Dit is een beperkte versie

U kijkt naar een beperkte versie van dit dossier in de EU Monitor.

EUROPESE COMMISSIE

Brussel, 2.6.2021

COM(2021) 520 final

Aanbeveling voor een

AANBEVELING VAN DE RAAD

met een advies van de Raad over het stabiliteitsprogramma 2021 van Oostenrijk

{SWD(2021) 501 final}


Aanbeveling voor een

AANBEVELING VAN DE RAAD

met een advies van de Raad over het stabiliteitsprogramma 2021 van Oostenrijk

DE RAAD VAN DE EUROPESE UNIE,

Gezien het Verdrag betreffende de werking van de Europese Unie,

Gezien Verordening (EG) nr. 1466/97 van de Raad van 7 juli 1997 over versterking van het toezicht op begrotingssituaties en het toezicht op en de coördinatie van het economisch beleid 1 , en met name artikel 5, lid 2,

Gezien de aanbeveling van de Europese Commissie,

Gezien de resoluties van het Europees Parlement,

Na raadpleging van het Economisch en Financieel Comité,

Overwegende hetgeen volgt:

(1) Op 20 maart 2020 heeft de Commissie een mededeling aangenomen over de activering van de algemene ontsnappingsclausule 2 van het stabiliteits- en groeipact 3 . In haar mededeling lichtte de Commissie haar standpunt toe dat, gezien de verwachte ernstige economische neergang als gevolg van de COVID-19-uitbraak, de voorwaarden om de algemene ontsnappingsclausule te activeren, vervuld waren. Op 23 maart 2020 stemden de ministers van Financiën van de lidstaten in met de beoordeling van de Commissie. De algemene ontsnappingsclausule biedt de lidstaten budgettaire flexibiliteit om met de crisis om te gaan. Zij heeft de coördinatie van het begrotingsbeleid in tijden van ernstige economische neergang vergemakkelijkt. De activering ervan maakt het mogelijk tijdelijk af te wijken van het aanpassingstraject in de richting van de begrotingsdoelstelling op middellange termijn van elke lidstaat, op voorwaarde dat daardoor de houdbaarheid van de begroting op middellange termijn niet in gevaar komt. Op 17 september 2020 heeft de Commissie in haar jaarlijkse strategie voor duurzame groei aangekondigd dat de algemene ontsnappingsclausule in 2021 actief zou blijven 4 .

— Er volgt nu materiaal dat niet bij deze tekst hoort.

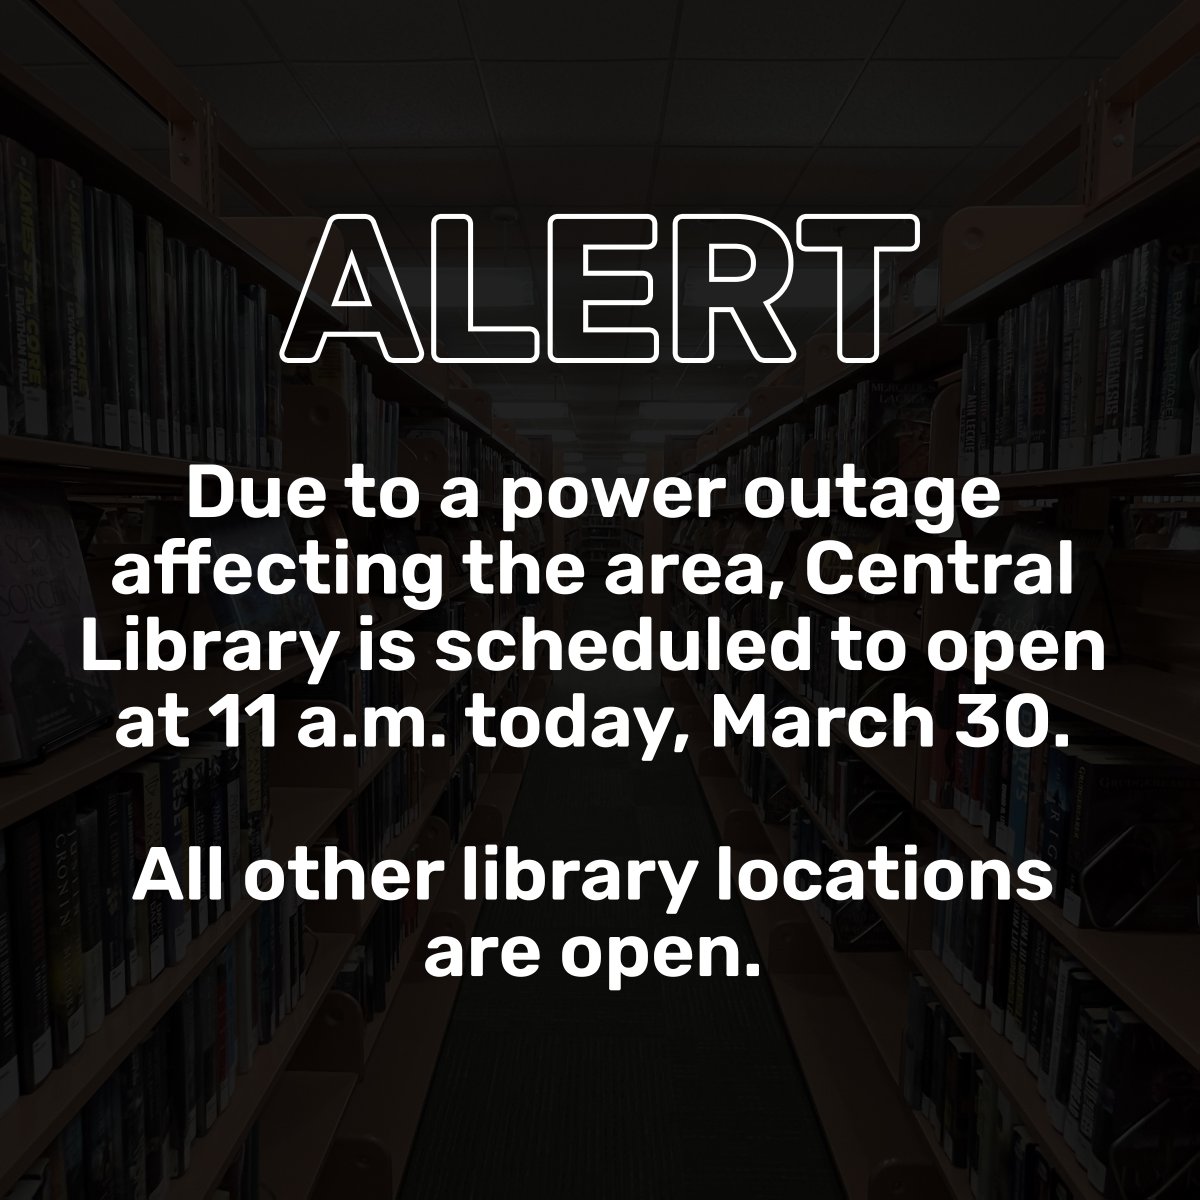 ALERT: Due to a power outage affecting the area, Central Library is scheduled to open at 11 a.m. today, March 30. All other library locations are open. Check our website for the latest status updates. 🔗 library.arlingtonva.us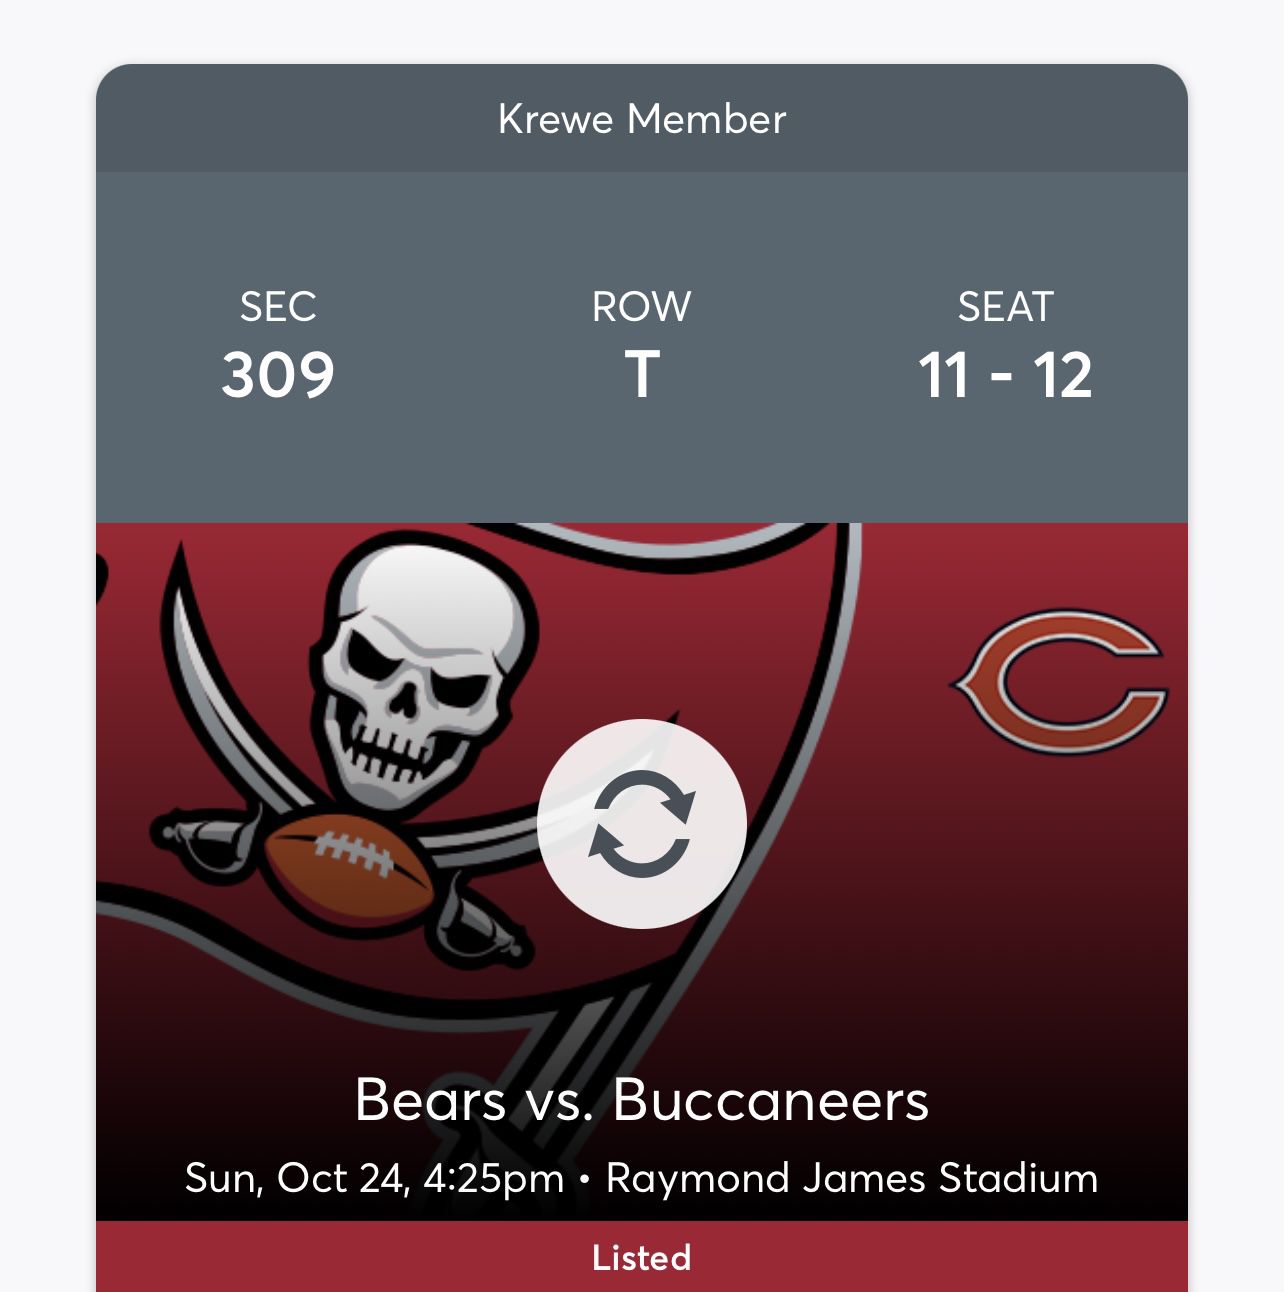 2 Tickets For The Buccaneers vs Bears 10/24 @ 4:25  $75  Ea  OBO NO FEES

(2) Op 20 juli 2020 heeft de Raad Oostenrijk aanbevolen 5 om overeenkomstig de algemene ontsnappingsclausule alle nodige maatregelen te nemen om de pandemie doeltreffend aan te pakken, de economie te stimuleren en het daaropvolgende herstel te ondersteunen. Ook heeft hij Oostenrijk aanbevolen om als de economische omstandigheden dit toelaten, begrotingsbeleid te voeren dat gericht is op het tot stand brengen van prudente begrotingssituaties op middellange termijn en het waarborgen van de houdbaarheid van de schuld, waarbij de investeringen worden verhoogd.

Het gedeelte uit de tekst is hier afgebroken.